The free functor Type u ⥤ ModuleCat R is a monoidal functor.

@[simp]

theorem ModuleCat.free_ε_one (R : Type u) [CommRing R] : (CategoryTheory.ConcreteCategory.hom (CategoryTheory.Functor.LaxMonoidal.ε (free R))) 1 = freeMk PUnit.unit

@[simp]

theorem ModuleCat.free_η_freeMk (R : Type u) [CommRing R] (x : PUnit.{u + 1}) : (CategoryTheory.ConcreteCategory.hom (CategoryTheory.Functor.OplaxMonoidal.η (free R))) (freeMk x) = 1

@[simp]

theorem ModuleCat.free_μ_freeMk_tmul_freeMk (R : Type u) [CommRing R] {X Y : Type u} (x : X) (y : Y) : (CategoryTheory.ConcreteCategory.hom (CategoryTheory.Functor.LaxMonoidal.μ (free R) X Y)) (freeMk x ⊗ₜ[R] freeMk y) = freeMk (x, y)

@[simp]

theorem ModuleCat.free_δ_freeMk (R : Type u) [CommRing R] {X Y : Type u} (z : CategoryTheory.MonoidalCategoryStruct.tensorObj X Y) : (CategoryTheory.ConcreteCategory.hom (CategoryTheory.Functor.OplaxMonoidal.δ (free R) X Y)) (freeMk z) = freeMk z.1 ⊗ₜ[R] freeMk z.2

def CategoryTheory.Free : Type u_1 → (C : Type u) → Type u

Free R C is a type synonym for C, which, given [CommRing R] and [Category C], we will equip with a category structure where the morphisms are formal R-linear combinations of the morphisms in C.

def CategoryTheory.Free.of (R : Type u_1) {C : Type u} (X : C) : Free R C

Consider an object of C as an object of the R-linear completion.

It may be preferable to use (Free.embedding R C).obj X instead; this functor can also be used to lift morphisms.

instance CategoryTheory.categoryFree (R : Type u_1) [CommRing R] (C : Type u) [Category.{v, u} C] : Category.{max u_1 v, u} (Free R C)

instance CategoryTheory.Free.instPreadditive (R : Type u_1) [CommRing R] (C : Type u) [Category.{v, u} C] : Preadditive (Free R C)
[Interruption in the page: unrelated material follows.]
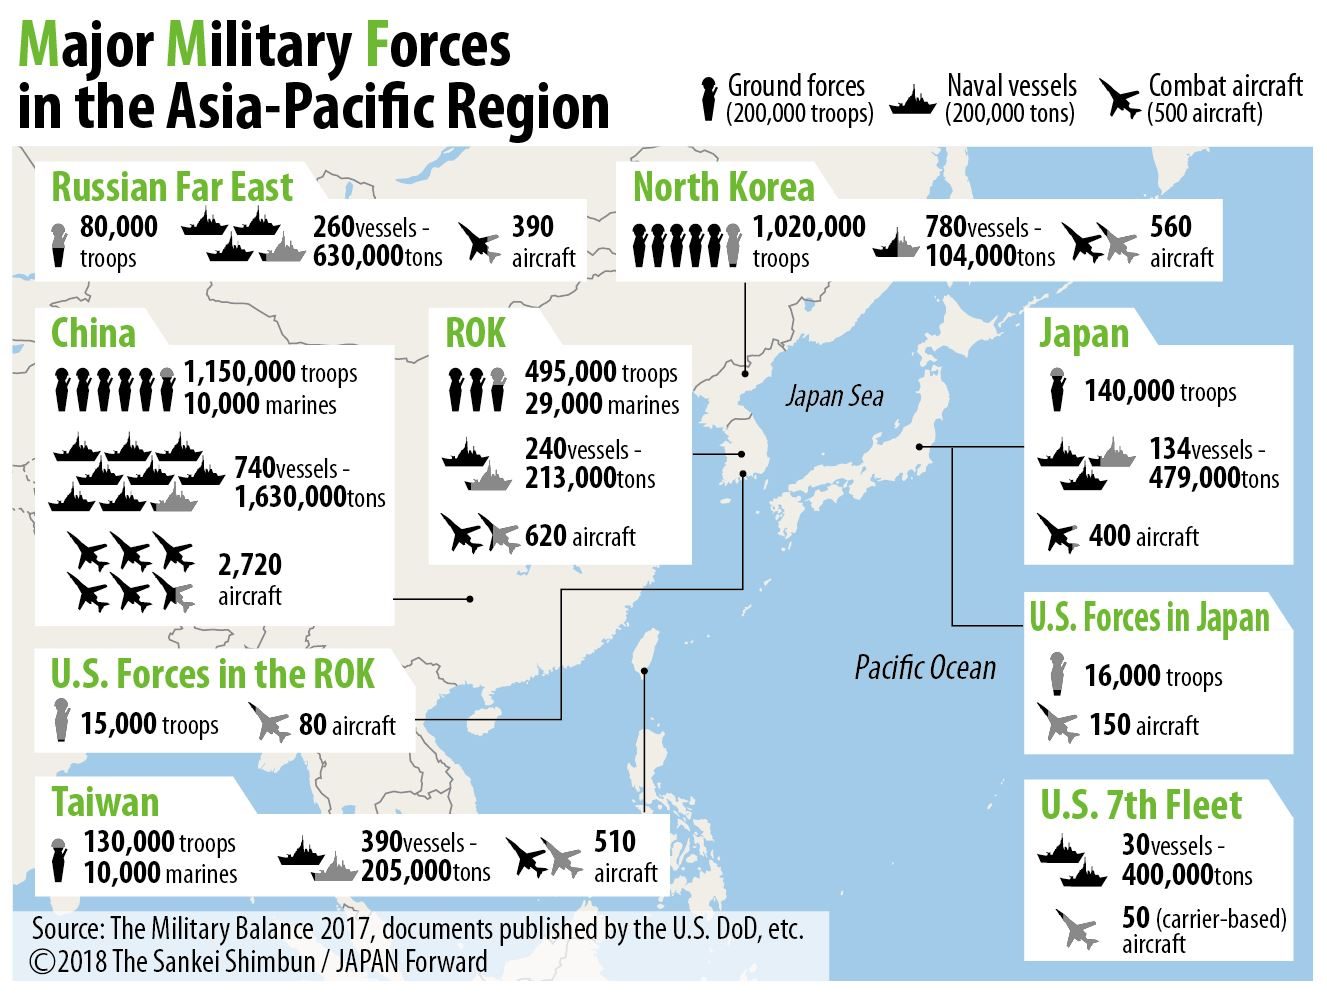 Major Military Forces in the Asia-Pacific Region

instance CategoryTheory.Free.instLinear (R : Type u_1) [CommRing R] (C : Type u) [Category.{v, u} C] : Linear R (Free R C)

theorem CategoryTheory.Free.single_comp_single (R : Type u_1) [CommRing R] (C : Type u) [Category.{v, u} C] {X Y Z : C} (f : X ⟶ Y) (g : Y ⟶ Z) (r s : R) : CategoryStruct.comp (Finsupp.single f r) (Finsupp.single g s) = Finsupp.single (CategoryStruct.comp f g) (r * s)

def CategoryTheory.Free.embedding (R : Type u_1) [CommRing R] (C : Type u) [Category.{v, u} C] : Functor C (Free R C)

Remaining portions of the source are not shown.